On Sat, Apr 6, 2013 at 6:05 AM, Jarek Jarcec Cecho <[email protected]>wrote:

> Hi Christian,
> thank you very much for sharing the log and please accept my apologies for
> late response.
>
> Closely looking into your exception, I can confirm that it's the S3 file
> system that is creating the files in /tmp and not Sqoop itself.
>
> > [hostaddress] out: 13/04/02 01:56:03 INFO s3native.NativeS3FileSystem:
> > OutputStream for key 'some_table/_SUCCESS' writing to tempfile '*
> > /tmp/hadoop-jenkins/s3/output-1400873345908825433.tmp*'
>
> Taking a brief look into the source code [1], it seems that it's the
> method newBackupFile() defined on line 195 that is responsible for creating
> the temporary file. And also it seems that it's behaviour can be altered
> using fs.s3.buffer.dir property. Would you mind to try use it in your Sqoop
> execution?
>
>   sqoop import -Dfs.s3.buffer.dir=/custom/path ...
>
> I've also noticed that you're using the LocalJobRunner which is suggesting
> Sqoop is executing all jobs locally on your machine and not on your Hadoop
> cluster. I would recommend checking Hadoop configuration in case that your
> intention is to run your data transfer in parallel.
>
> Jarcec
>
> Links:
> 1:
> http://hadoop.apache.org/docs/r2.0.3-alpha/api/src-html/org/apache/hadoop/fs/s3native/NativeS3FileSystem.html
>
> On Tue, Apr 02, 2013 at 11:38:35AM +0100, Christian Prokopp wrote:
> > Hi Jarcec,
> >
> > I am running the command on the CLI of a cluster node. It appears to run
> a
> > local MR job writing the results to /tmp before sending it to S3:
> >
> > [..]
> > [hostaddress] out: 13/04/02 01:52:49 INFO mapreduce.MySQLDumpMapper:
> > Beginning mysqldump fast path import
> > [hostaddress] out: 13/04/02 01:52:49 INFO mapreduce.MySQLDumpMapper:
> > Performing import of table image from database some_db
> > [hostaddress] out: 13/04/02 01:52:49 INFO mapreduce.MySQLDumpMapper:
> > Converting data to use specified delimiters.

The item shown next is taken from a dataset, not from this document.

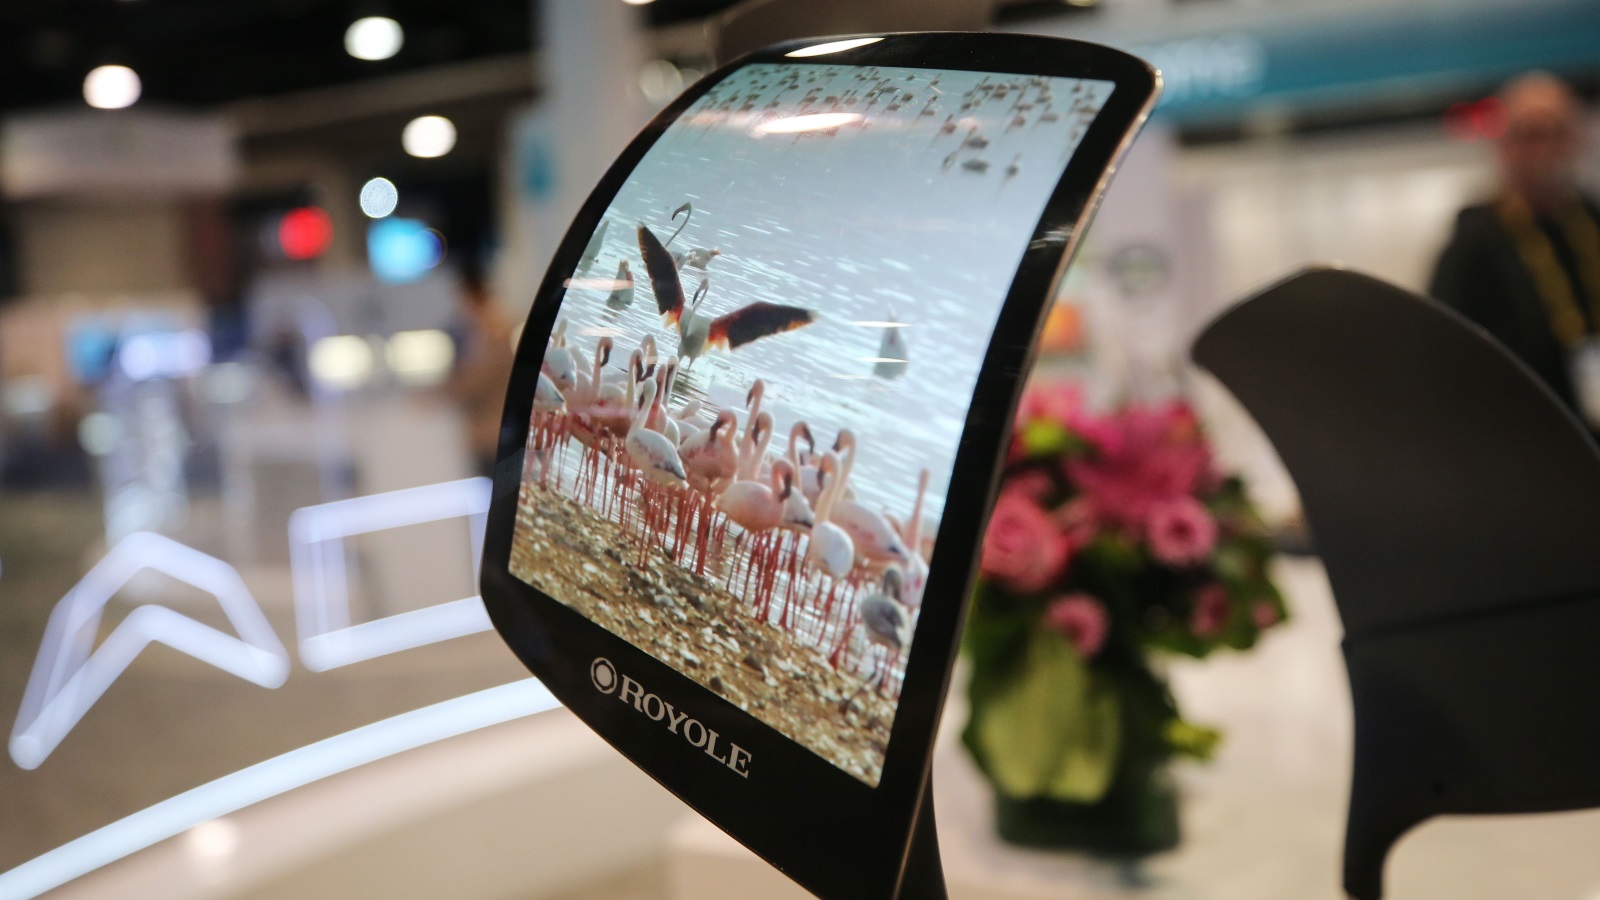 ‪جهاز فليكس باي لشركة رويال يستخدم شاشات عرض مرنة من الجيل الثاني للشركة‬ (الفرنسية)

> > [hostaddress] out: 13/04/02 01:52:49 INFO mapreduce.MySQLDumpMapper: (For
> > the fastest possible import, use
> > [hostaddress] out: 13/04/02 01:52:49 INFO mapreduce.MySQLDumpMapper:
> > --mysql-delimiters to specify the same field
> > [hostaddress] out: 13/04/02 01:52:49 INFO mapreduce.MySQLDumpMapper:
> > delimiters as are used by mysqldump.)
> > [hostaddress] out: 13/04/02 01:52:54 INFO mapred.LocalJobRunner:
> > [hostaddress] out: 13/04/02 01:52:55 INFO mapred.JobClient:  map 100%
> > reduce 0%
> > [hostaddress] out: 13/04/02 01:52:57 INFO mapred.LocalJobRunner:
> > [..]
> > [hostaddress] out: 13/04/02 01:53:03 INFO mapred.LocalJobRunner:
> > [hostaddress] out: 13/04/02 01:54:42 INFO mapreduce.MySQLDumpMapper:
> > Transfer loop complete.
> > [hostaddress] out: 13/04/02 01:54:42 INFO mapreduce.MySQLDumpMapper:
> > Transferred 668.9657 MB in 113.0105 seconds (5.9195 MB/sec)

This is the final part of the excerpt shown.